● **WHAT NEEDS TO BE DONE**
Exact reproduction of the data is required, with images excluded.

┌─ STORED DATA

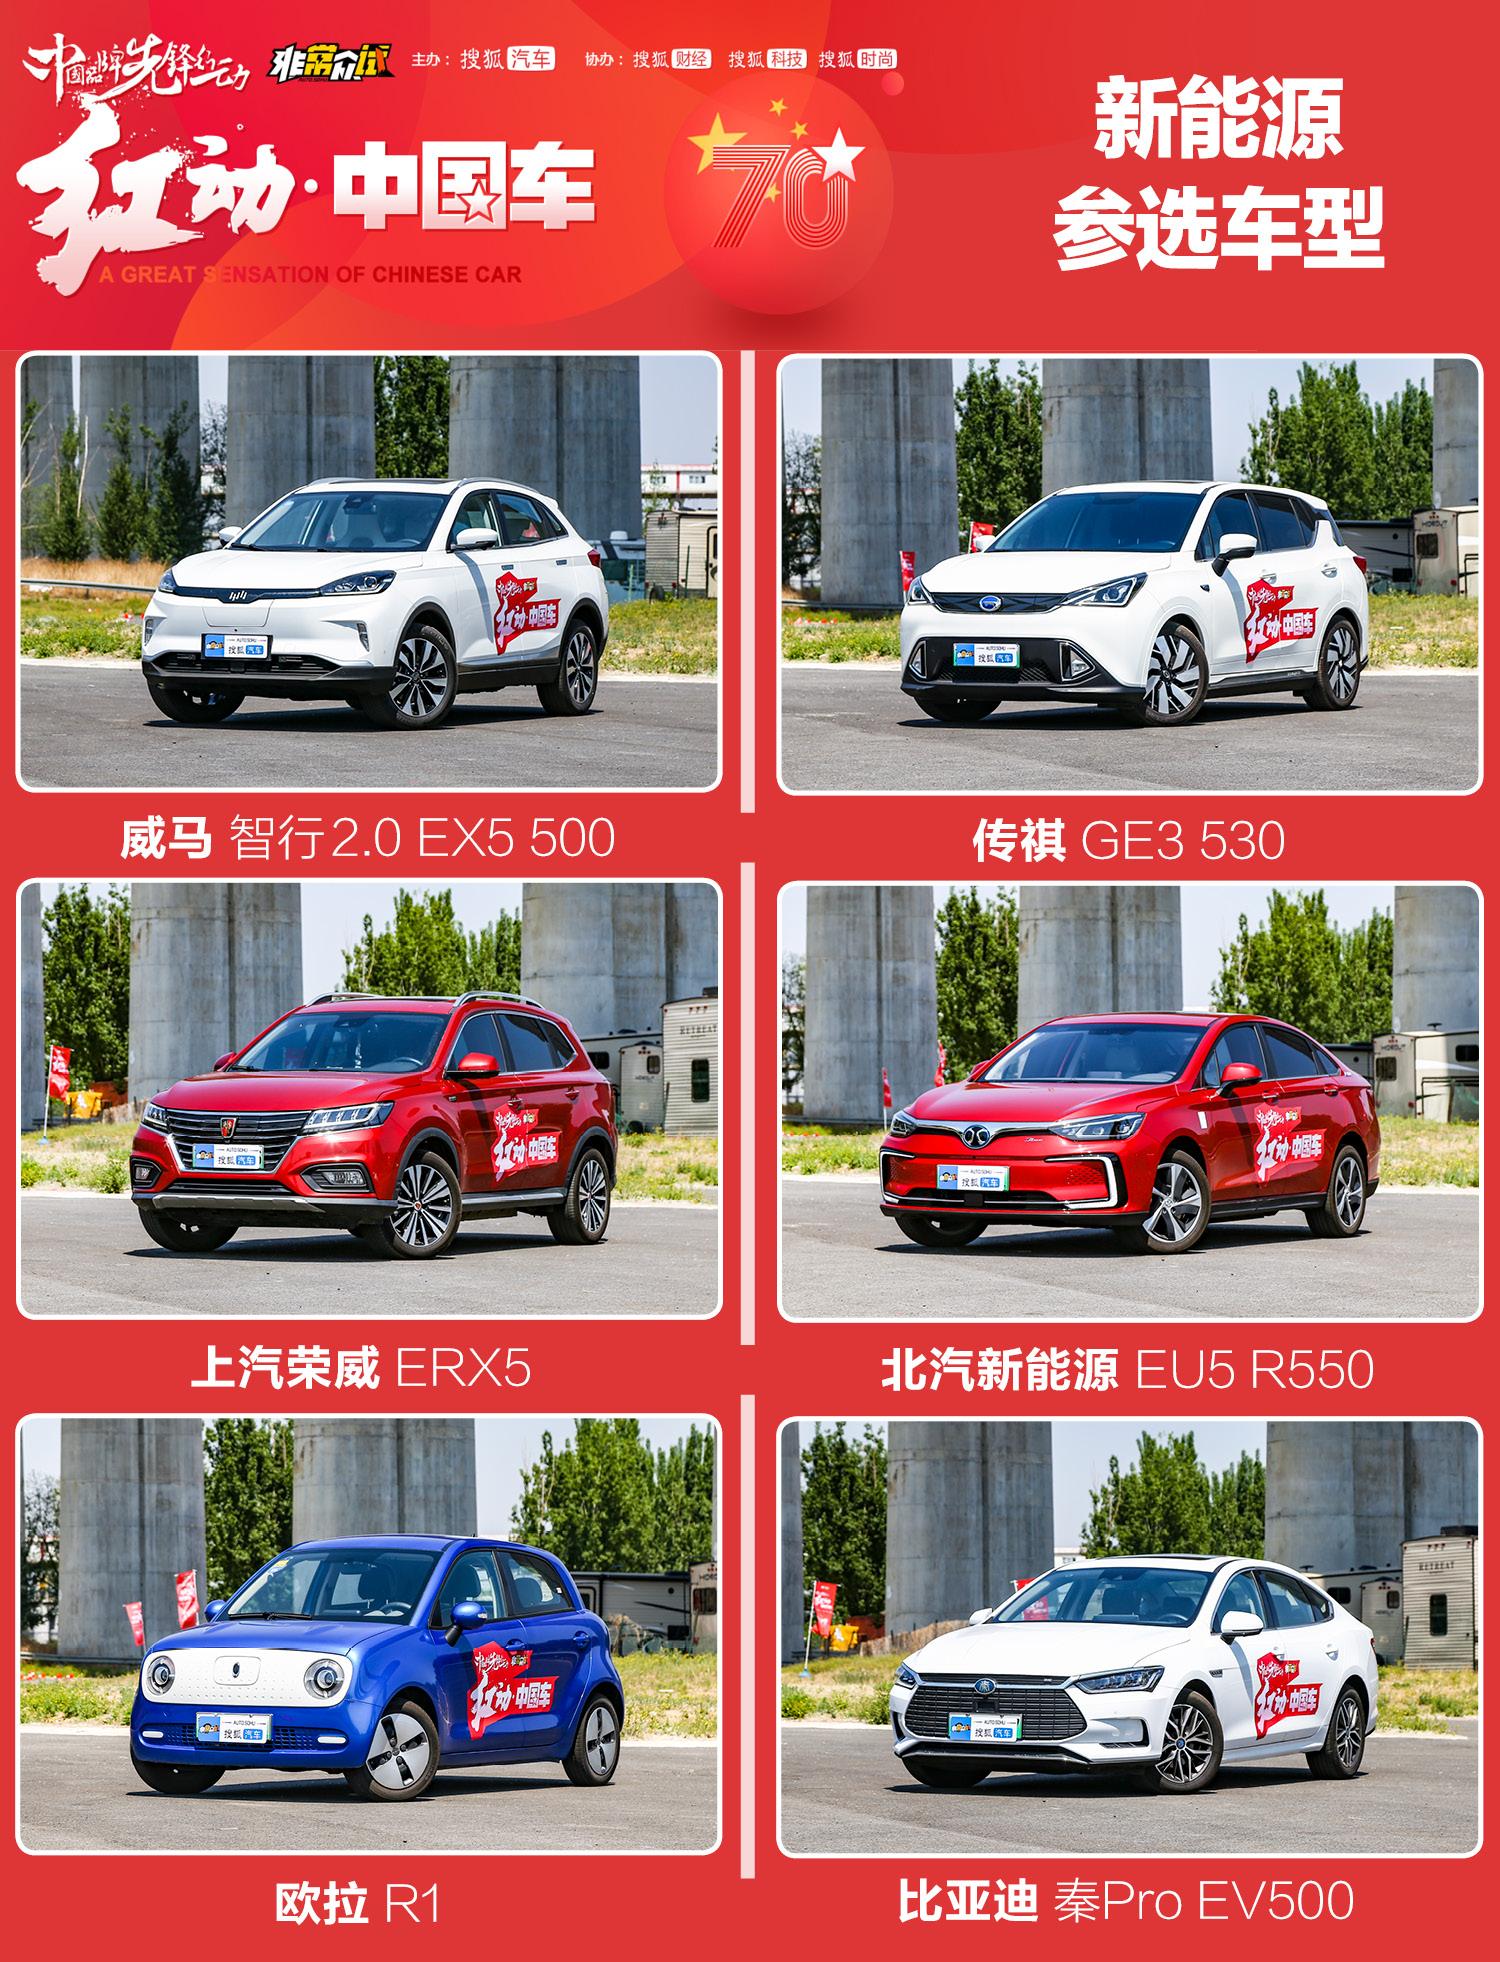 中国品牌先锋行动 红动中国车:整体实力有所提升,新能源车榜单解读(第1页) -
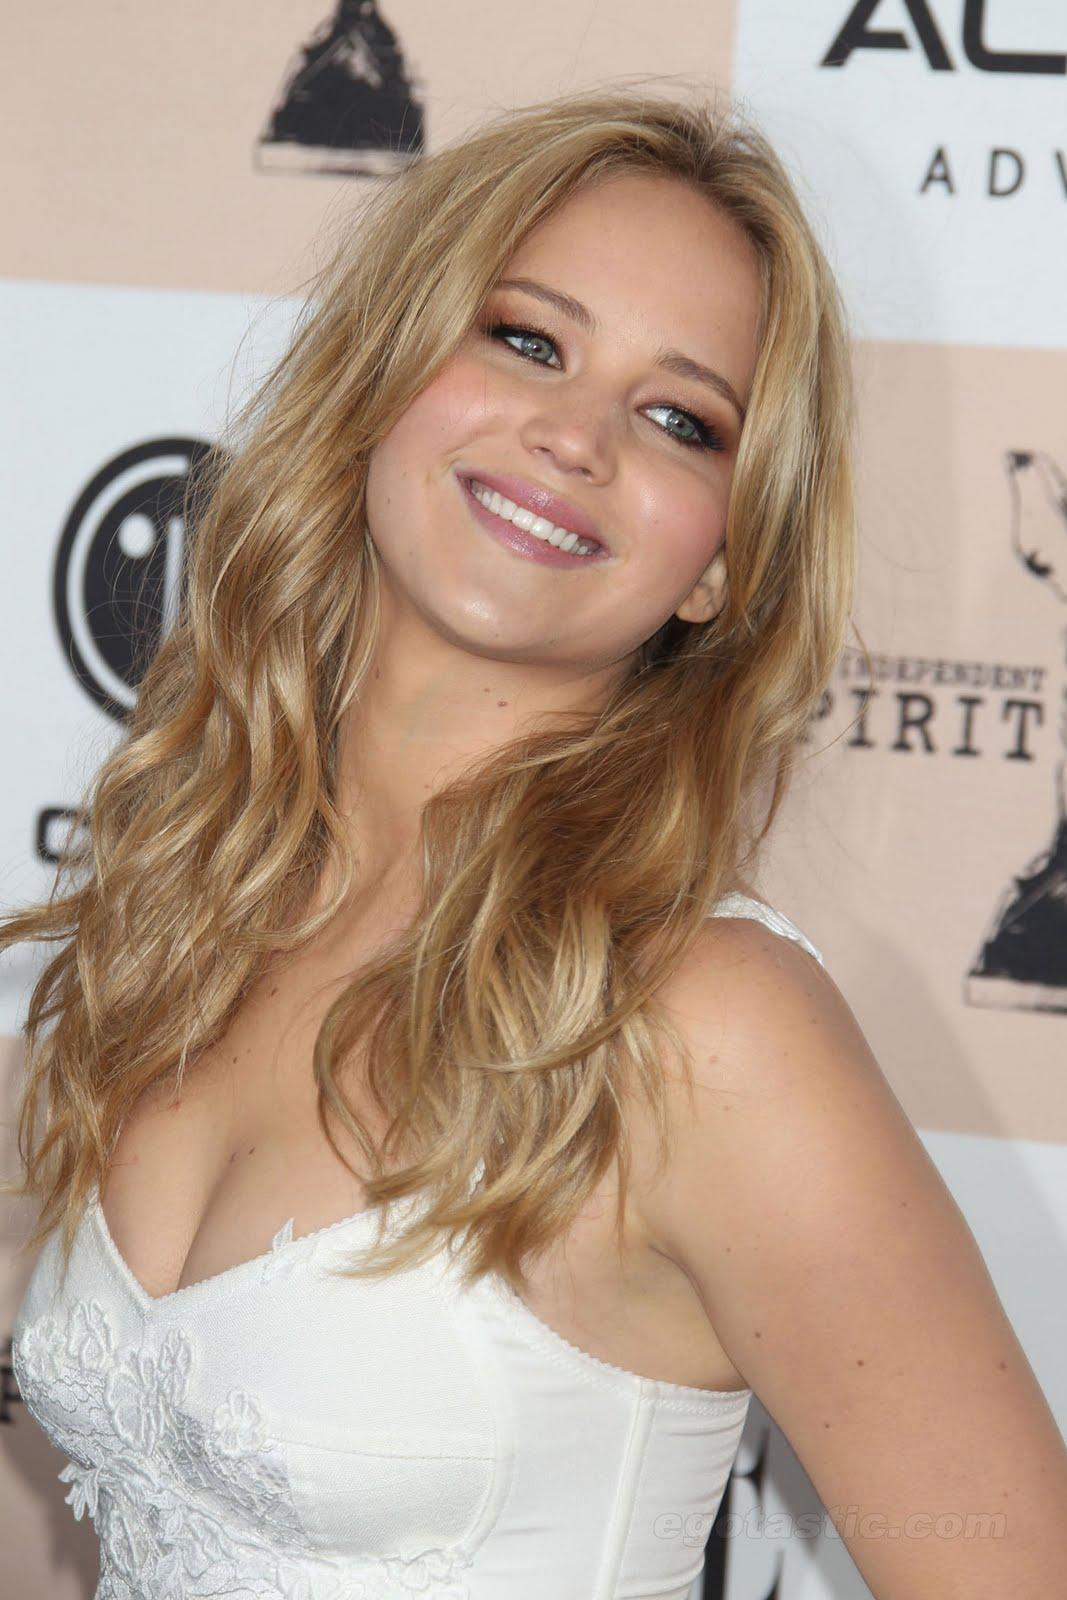 http://1.bp.blogspot.com/-KOLJsEil8_4/TW2ChhljY4I/AAAAAAAAAZc/8YJBDGoh09A/s1600/jennifer_lawrence_actu_sexy_01.jpg
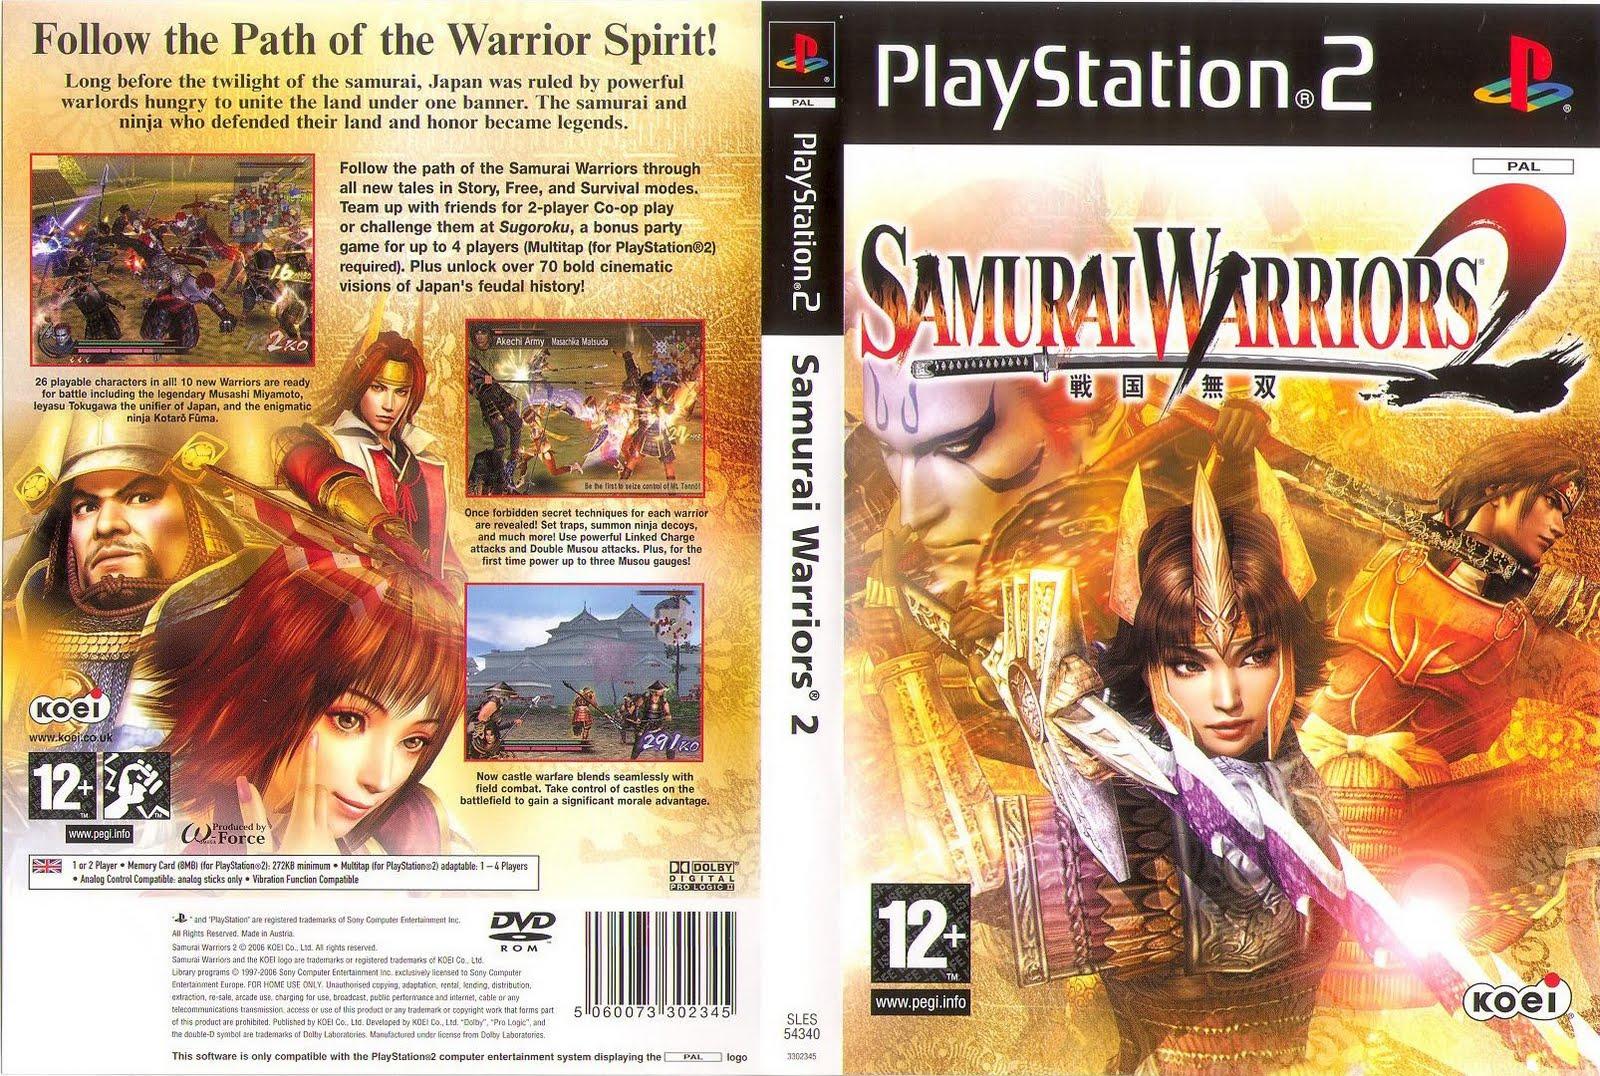 Download - Samurai Warriors 2 - PS2 - ISO
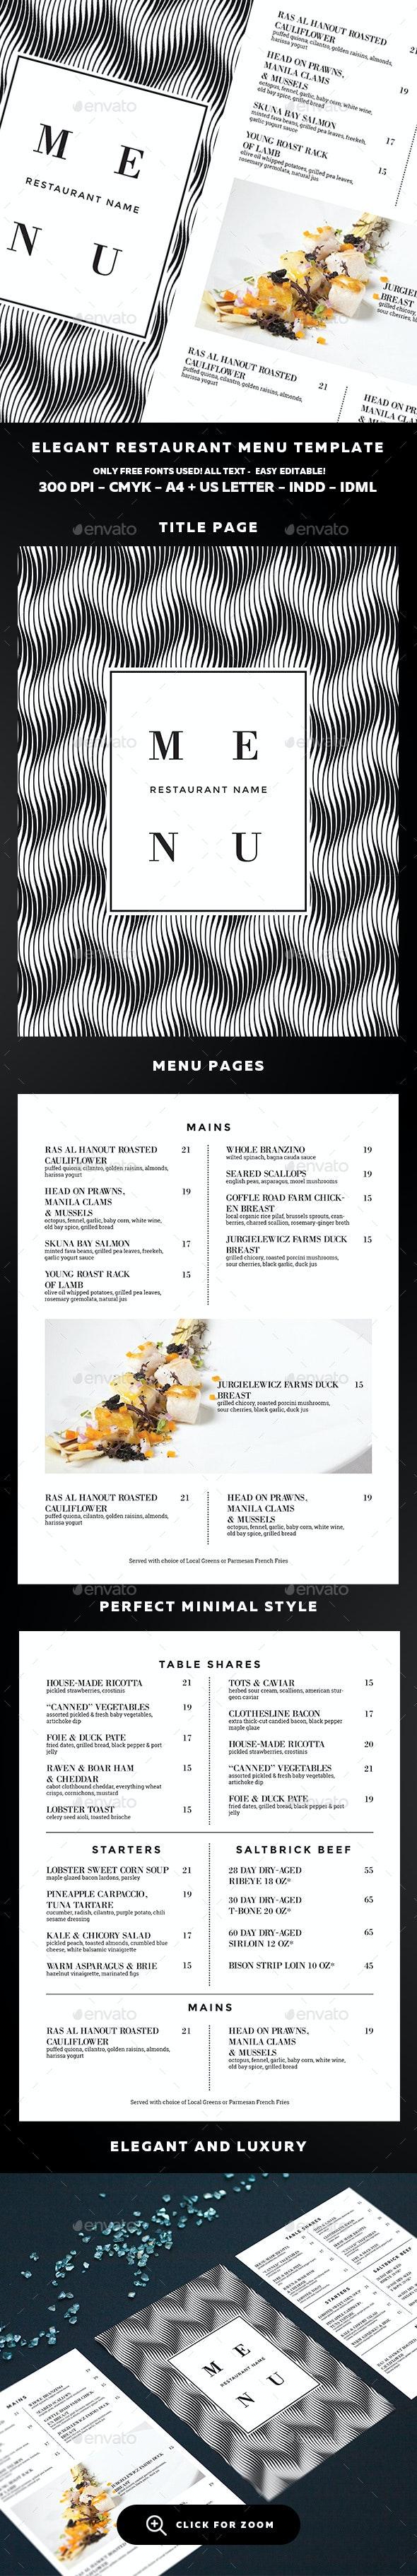 Menu Template - Food Menus Print Templates

└─

● **ANSWER BOX**
 中国品牌先锋行动 红动中国车:整体实力有所提升,新能源车榜单解读(第1页) -
 http://1.bp.blogspot.com/-KOLJsEil8_4/TW2ChhljY4I/AAAAAAAAAZc/8YJBDGoh09A/s1600/jennifer_lawrence_actu_sexy_01.jpg
 Download - Samurai Warriors 2 - PS2 - ISO
 Menu Template - Food Menus Print Templates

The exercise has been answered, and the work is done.